Из сарая, отряхивая с пиджака кружевные рубаночные стружки, вышел совершенно седой мужчина с удивительно молодыми, задорными глазами. Оттого седина казалась неестественной, хотя глубокие, резкие морщины были под стать ей.

— Драться сегодня не стану, так и быть, — шуткой же ответил он гостю. — Это тебе все бы драться с кем-нибудь. Пойдем в дом, воитель! Чаем напою.

В светлой, оклеенной обоями кухоньке он сунул в розетку штепсель электрической плитки. Загремев крышкой, глянул в пузатый никелированный чайник — есть ли вода.

Александр Егорович сокрушенно вздохнул.

— Медицина, Филипп Филиппович, знаешь что говорит? Она говорит, что чай действует на сердце. Отрицательно.

И, раздув усы, выставил на стол бутылку.

— Это с какой радости? — спросил хозяин.

— Не с радости. С горя.

— О-о! И половину уже успел трахнуть?

— Старуха на полную капиталов не выделила, с Пермяковым из транспортного пополам розлили, чекушек в райпо не было.

— Разлагаешь ты меня, товарищ Заеланный! — усмехнулся Филипп Филиппович и позвал: — Наталья! Ты бы нам оборудовала что-нибудь закусить. Гость-то с водкой явился.

Пока приготовлялась закуска, мужчины курили, перебрасываясь обычными в таких случаях словами: погоду леший не разберет, но, по зиме судя, лето должно выдаться не очень дождливым.
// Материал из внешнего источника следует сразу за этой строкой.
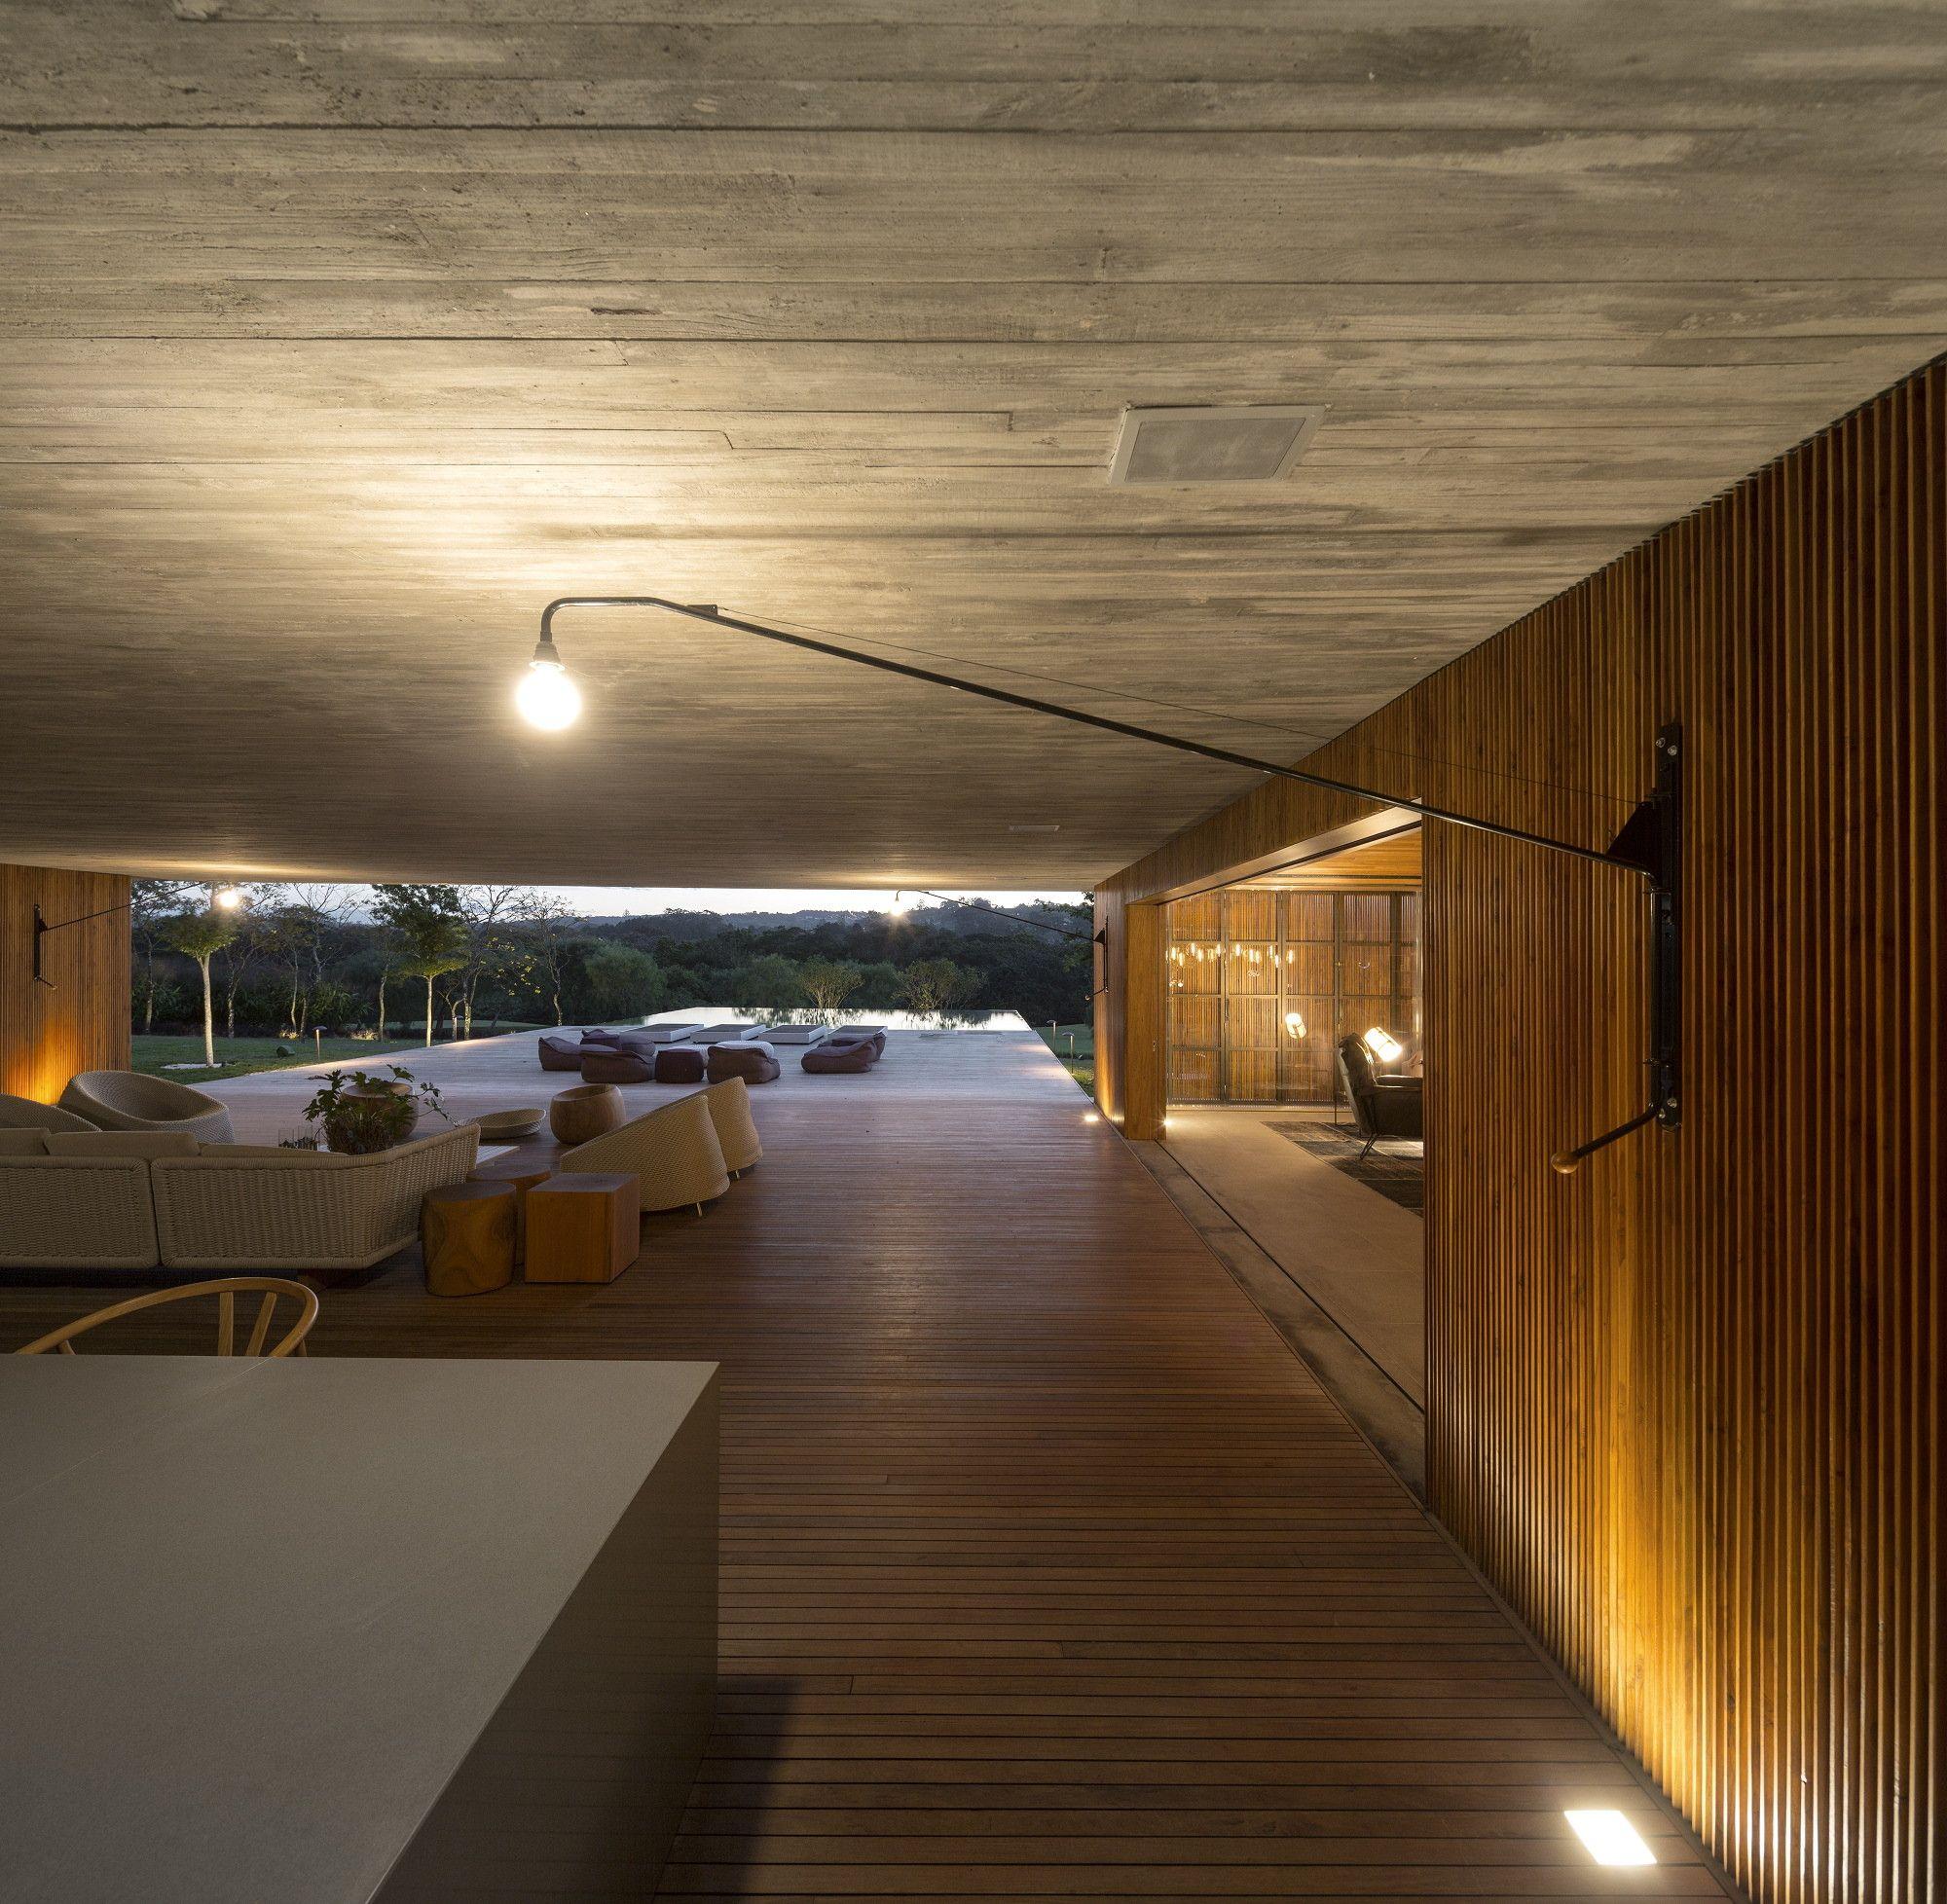 Galeria de MM House / Studio MK27 Marcio Kogan + Maria

— Так какое же у тебя горе? — спросил, посмеиваясь, хозяин, когда наполнены были рюмки, а от тарелки с огурцами своего посола вкусно запахло смородиновым листом.

— Горе не горе, — Александр Егорович разгладил ладонью усы, задумчиво поднял рюмку. — Давай выпьем. Как говорится, чтобы дома не журились… фу, гадость! И как это люди ее пьют, а?

Нюхая корочку, блаженно сощурился. Потом потянулся вилкой к миске с квашеной капустой.